2) Whether the authorization of modification of the instant case was lawful

A) Examining the above facts in light of the aforementioned 2-C(1)(B) and the legal principle of Gininin, the instant modification disposition is merely a modification of the consent rate based on the submission of an additional written consent without changing other parts among the matters originally authorized at the time of authorization of establishment, and it is merely a modification of minor matters as stipulated in Article 27 subparag. 2 of the Enforcement Decree of the Do Affairs Act, and thus, the instant modification disposition on the ground thereof by the Defendant is merely a modification of minor matters as stipulated in Article 27 subparag. 2 of the Enforcement Decree of the Do Affairs Act, and thus, it cannot be deemed a new authorization disposition separate from the instant authorization disposition.

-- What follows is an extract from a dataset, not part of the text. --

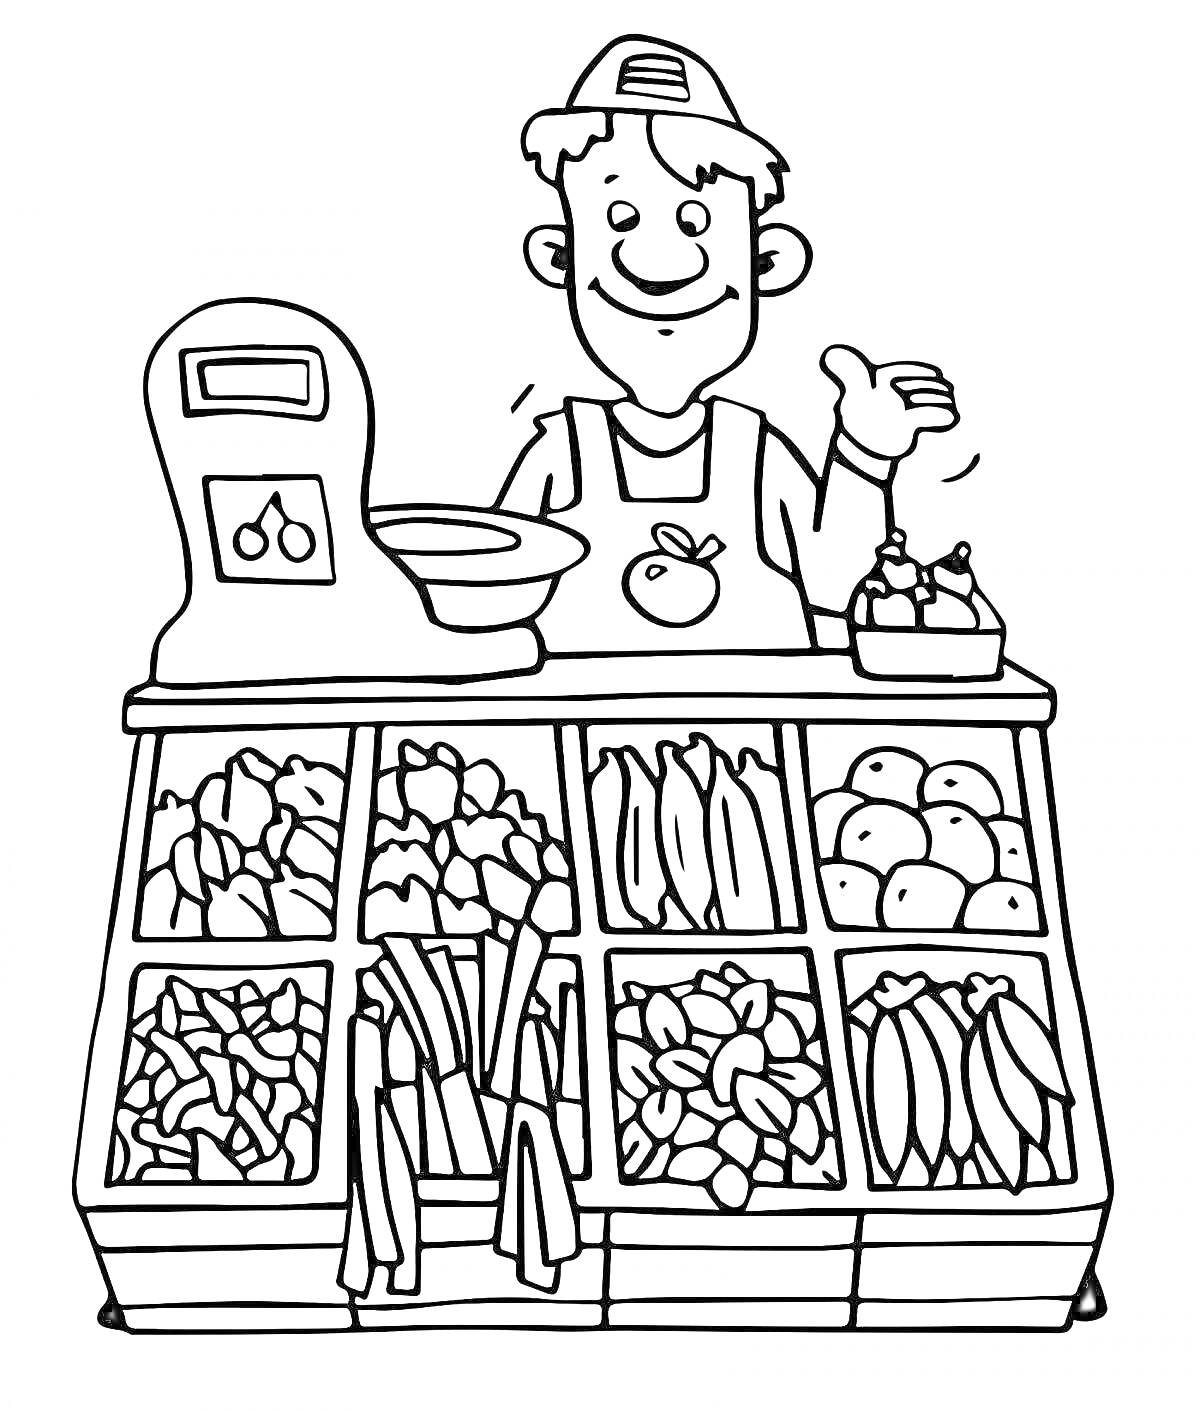 Продавец за прилавком с весами и овощами

B) Therefore, the authorization of modification of the instant case is premised on the existence of the initial authorization of establishment. As seen earlier, as long as the authorization of establishment of the instant case is revoked unlawfully, the authorization of modification of the instant case should be revoked illegally.

3. Conclusion

Therefore, the plaintiff's claim of this case, including the claim added in the trial, shall be accepted in all of its reasoning. Since the judgment of the court of first instance is unfair in conclusion, the judgment of the court of first instance shall be revoked, and the authorization of this case shall be revoked, and the authorization of this case shall also be revoked upon the claim added in the trial. It is so decided as per Disposition.

[Attachment]

On the same day as judge Lee Jong-dae (Presiding Judge)

1) As seen earlier, there is no evidence that a landowner other than Nonparty 1 consented to the establishment of an intervenor among 11 landowners at the time of the instant authorization for establishment.